Knowledge Catalogで結果を確認する
Knowledge Catalogでknowledge_catalog_demo.ordersを選択して開きます。
事前にBigQuery上でスターをつけておくと検索せずにすぐ選ぶことができます。
手順①で生成した説明文やサンプルクエリが「分析情報」タブから確認することができます。
このようにして、BigQueryだけでなくKnowledge Catalog経由でも検索・参照することが確認できました。
3. データエージェント作成時の挙動
knowledge_catalog_demoのテーブルを使用し、データエージェントを作成します。(エージェント作成は前回記事を参照)
公式ドキュメントには、知識ソースとしてテーブルを選択する際の挙動について、次のように説明されています(意訳)。
「あらかじめインサイトを生成していない場合、データエージェント作成時に知識ソースとしてテーブルを選択すると、システムが自動的にインサイトを生成する」
手元で検証してみたところ、「自動生成されたインサイト」はKnowledge Catalogに公開されている様子はなく、そのエージェントの中だけで使われる一時的なものの可能性が高いことが分かりました。
つまり、データエージェントを作るだけなら自動生成に任せておけば十分ですが、
同じテーブルを他のAIエージェントでも使いたい場合は、エージェント作成前にあらかじめメタデータを生成・公開しておく必要がありそうです。
4. MCP経由でメタデータを参照
Knowledge Catalogに一元管理されたメタデータは、MCP経由でConversational Analytics以外のAIエージェントからも参照できるとされています。

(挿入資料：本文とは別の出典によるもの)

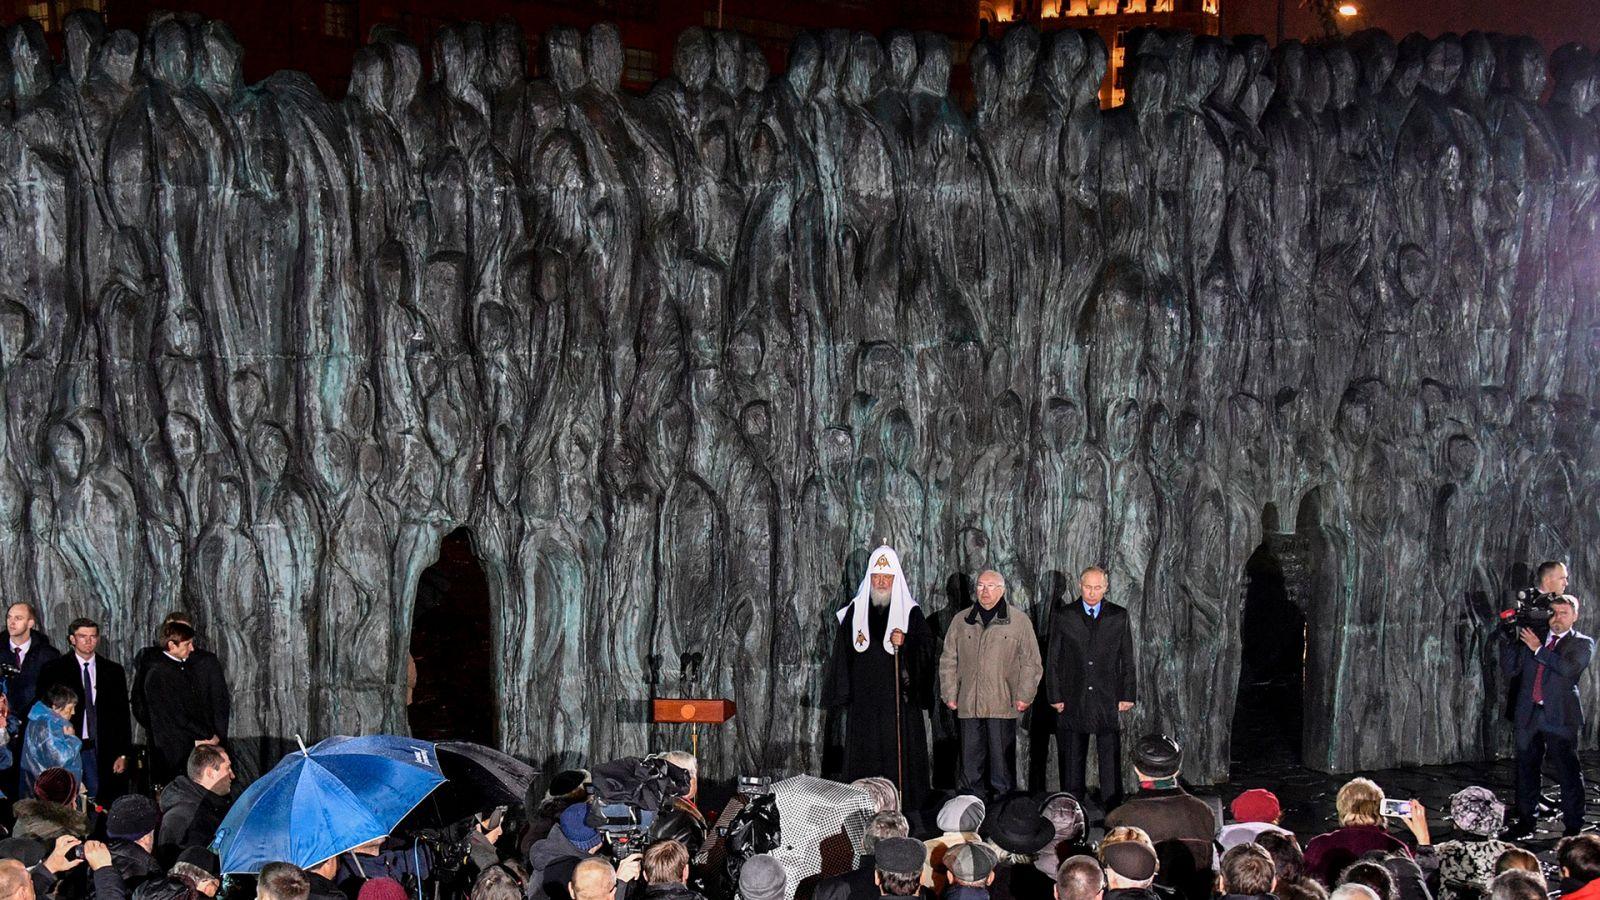 В.П. Лукин принял участие в церемонии открытия мемориала памяти жертв политических репрессий «Стена скорби» в Москве

- Knowledge Catalogには、ローカル/リモートのMCPサーバーが用意されている
- 以下のようなツールも用意されている
-
search_entries:エントリ検索 -
lookup_entry:エントリの詳細を取得 -
lookup_context:LLM向けに整形されたコンテキストを取得
-
- Gemini CLI, Claude, ChatGPT, ADKで構築した独自のエージェントなど、MCPに対応したクライアントから利用可能
まとめ
- Knowledge Catalogは、包括的なデータ資産の目録+業務辞書
- メタデータの自動生成は、BigQuery StudioとKnowledge Catalogどちらからも実行可能
- データエージェント作成時に自動生成されるインサイトは、そのエージェントに閉じた一時的なものである可能性が高い
- 複数のエージェントやツールで利用したい場合は、事前にメタデータを生成・公開しておく必要がある
- 公開したメタデータは、MCP経由で様々なAIエージェントに活用可能
「AIがAIのために業務コンテキストを作る」という一連の流れのうち、メタデータを自動生成し、Knowledge Catalogに一元管理できる状態を作るところまで確認できました。
回答精度への影響までは検証しきれませんでしたが、AIエージェントが構造化データを自然言語的に理解するための手段として、メタデータの整備には確かな意味がありそうです。